Долго лежу в ванне, в которую высыпала полпачки соли, лью слёзы, так как вспоминается почему-то только хорошее в нашем браке. Оказывается, у нас было очень даже много хорошего. Сейчас ванна от слёзного потока переполнится, и вода через край переливаться будет! Не понимаю, как можно было в один миг перечеркнуть всё замечательное и доброе, что у нас с ним было! Вроде бы за правильную жизнь наградой должно быть счастье, где оно? Неужели я сделала нашу семейную жизнь такой пресной и обыденной, что муж среди ночи бежал туда, где щедрые и яркие мазки, чтобы жизнь перестала быть тусклой? Я же осталась во мраке. Где же ты, моя радуга?
Выбираюсь из ванны, сушу волосы, облачаюсь в пижаму, забираюсь под одеяло. Одна-одинёшенька... Его нет рядом. Обычно он подбирается под моё одеяло, ласкает меня, и я знаю, что он любит меня, я люблю его. Как это у старика Хема: «И мы долго любили друг друга.» Выяснилось, что не любил и не любит. Может, это всё было просто привычкой? Вот сейчас его нет рядом. Я одна. Я одинока. Поняла, что я не могу уподобиться ему и лечь в постель с другим мужчиной. Вот такая я, оказывается, сверхпорядочная моралистка. На расстояниии чувства будто обострились: я поняла, я его люблю даже сильнее, чем думала. Это ему всё равно, с кем делить постель. Мне же теперь придётся вести скучную жизнь стареющей дамы. Сынуля очень далеко. Дочери совсем не до меня. У нее своя взрослая жизнь. И слава богу, что она у нее есть. Хорошо, что она у нее счастливая, что ей мои мудрые советы и сочувствие ни к чему. Мама будет кудахтать, что я сама во всём виновата. Конечно, кто же ещё! Такова ближняя перспектива.

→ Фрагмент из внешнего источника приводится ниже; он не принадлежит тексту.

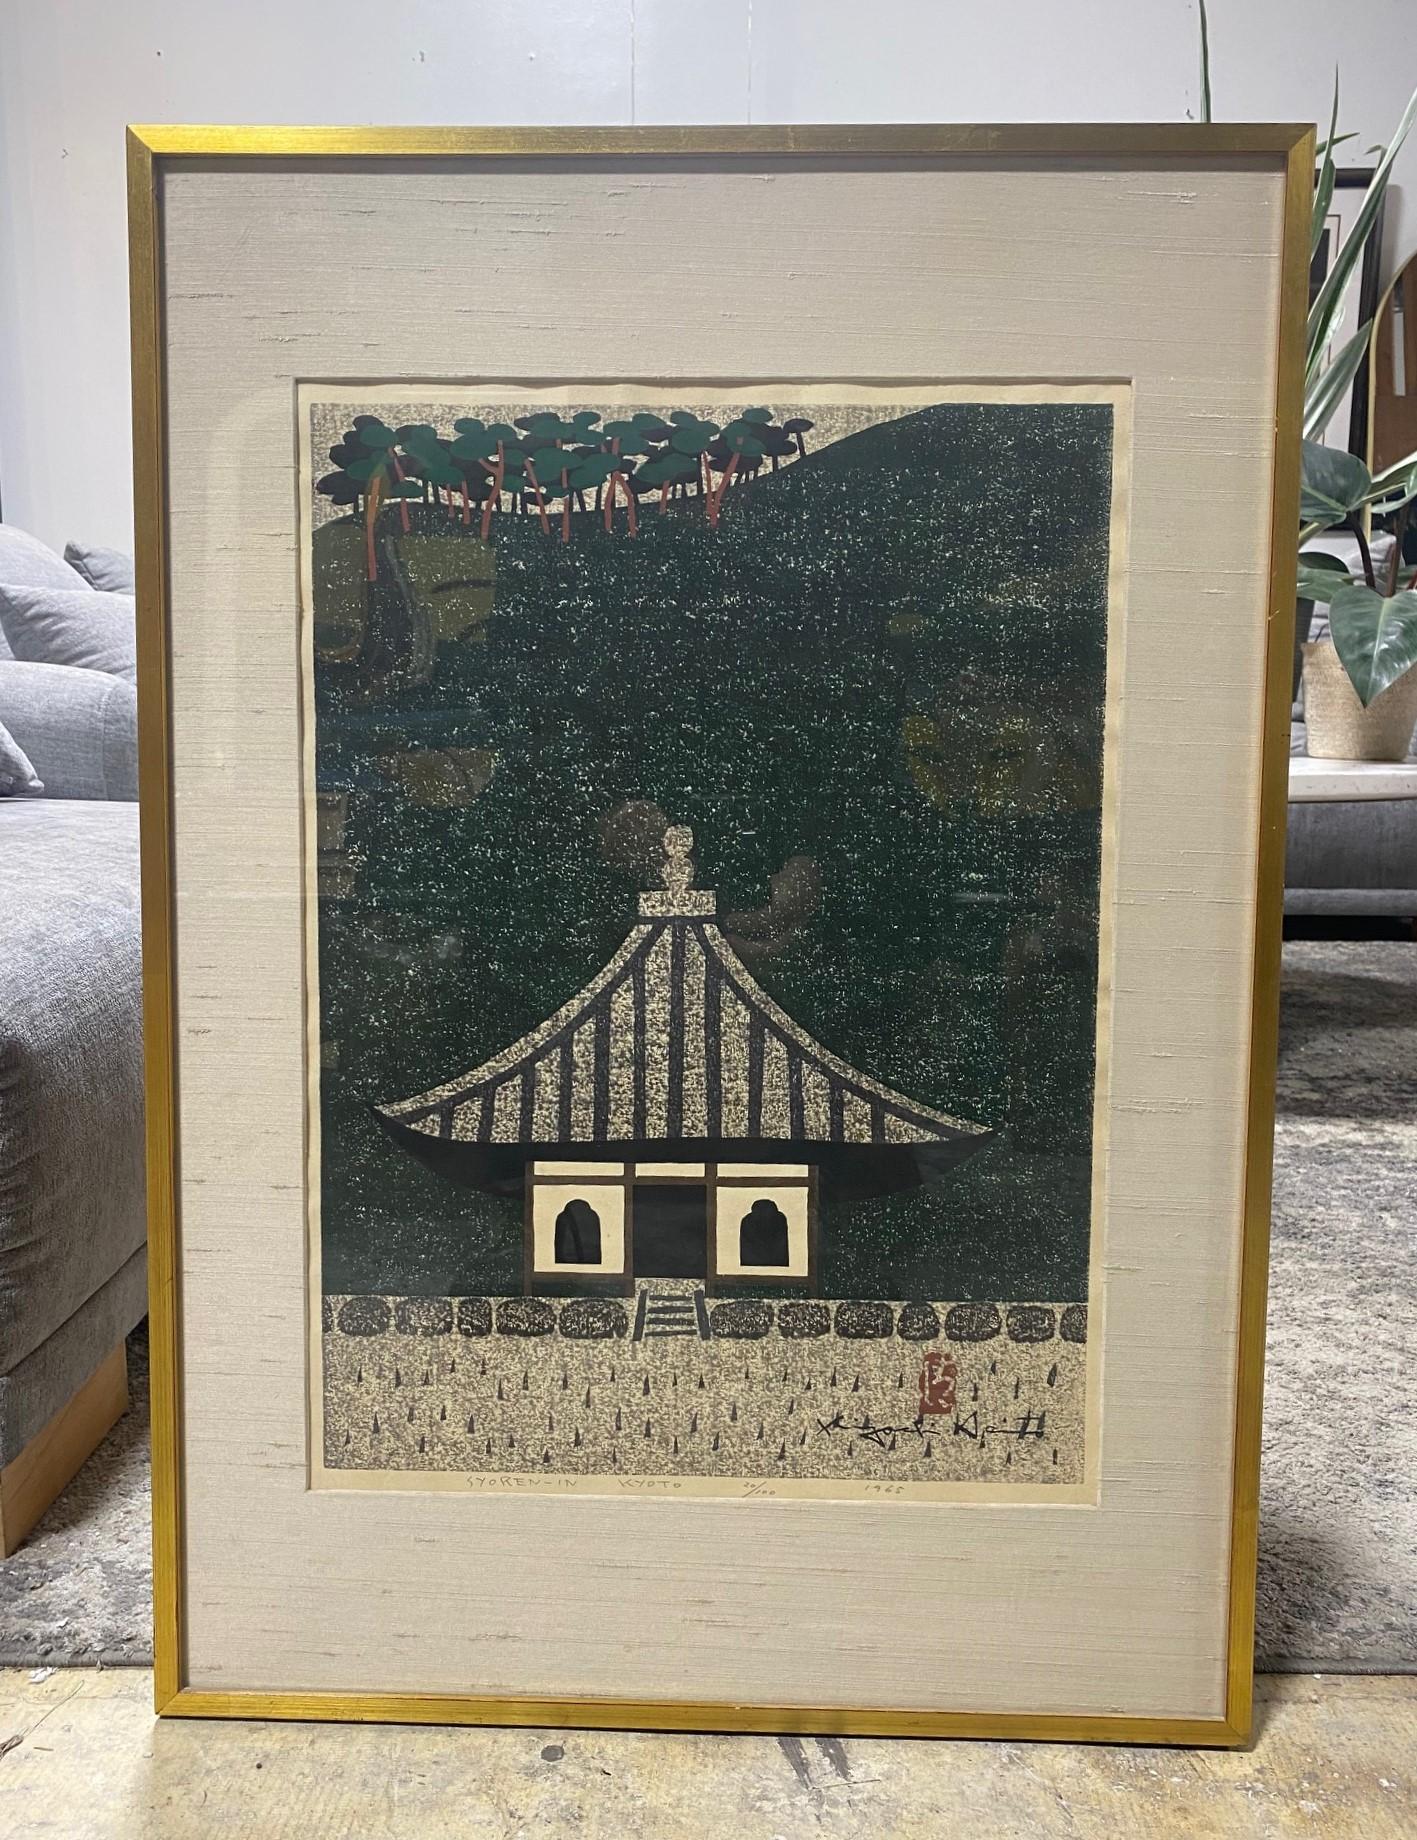 A beautifully designed and composed woodblock print by famed Japanese printmaker Kiyoshi Saito.  Many consider Saito to be one of the most important, if not the most important, contemporary Japanese printmakers of the 20th century. This print, which

Моя дурацкая особенность, что я очень привязываюсь к каким-то вещам, к людям тоже. У меня были долгое время любимые домашние туфли, которые, оказывается, стали раздражать мужа и дочь. Они их выбросили, а взамен преподнесли очень красивые новые тапочки. Так я чуть не разрыдалась, помню. Тосковала некоторое время по своим привычным, удобным, уютным и тепленьким башмачкам.

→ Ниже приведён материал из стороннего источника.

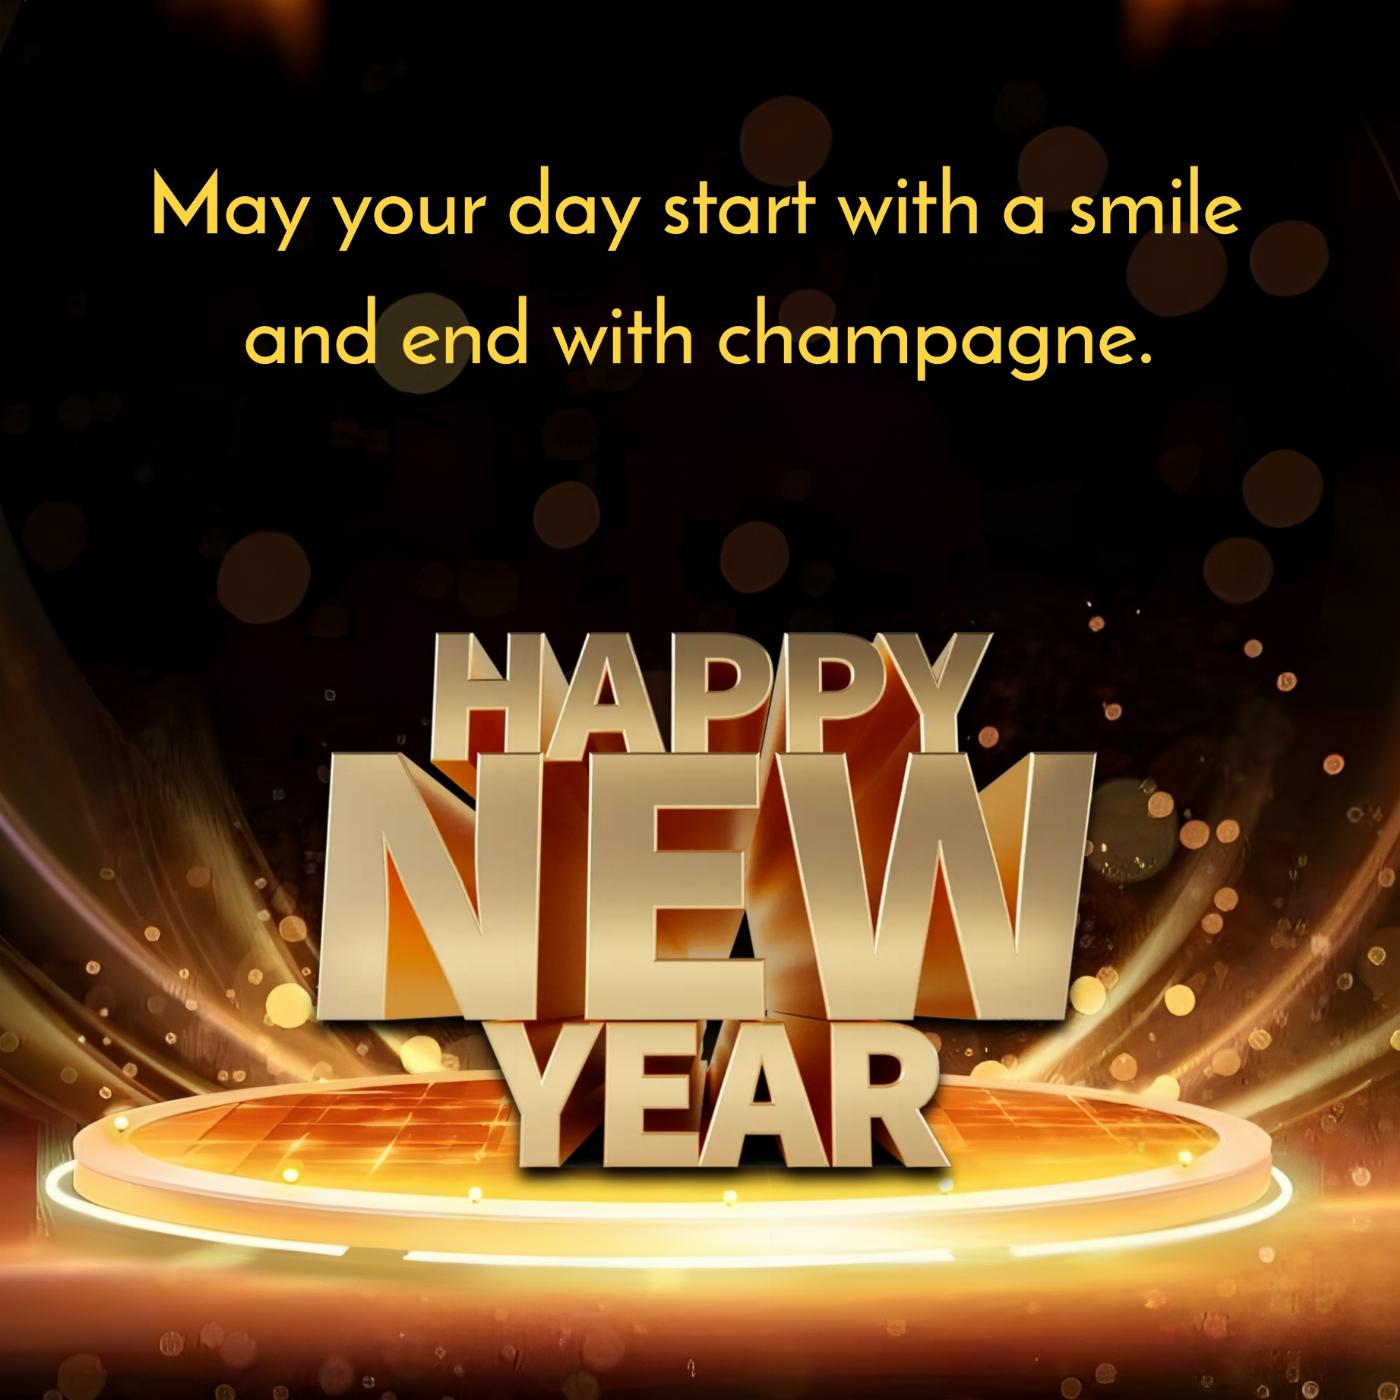 May your day start with a smile and end with champagne

Да что там тапочки, даже Брежнев меня не очень сильно раздражал, потому что я к нему тоже привыкла. Все насмехались над ним, а мне просто было до боли жалко косноязычного старичка, почти ставшего членом моей семьи, которого заставляют читать по бумажке труднопроизносимые для него тексты. Хотя анекдоты о нем с удовольствием слушала, ещё и весело хохотала. О расширении груди, об олимпийской символике, о гордом отказе от награды Мавритании – золотого кольца в нос, о получении звания народного артиста, если сумеет выговорить «генералиссимус». Их было много, но они были добродушные и не такие злые и едкие, как о Хрущеве. К заменившим «просто Ильича» я не успевала привыкнуть, так быстро они сменяли друг друга до шумной перестройки. Марлен всё же не старые тапочки или Брежнев в маразме. Он четверть века рядом, он в кровь влился, в тело врос.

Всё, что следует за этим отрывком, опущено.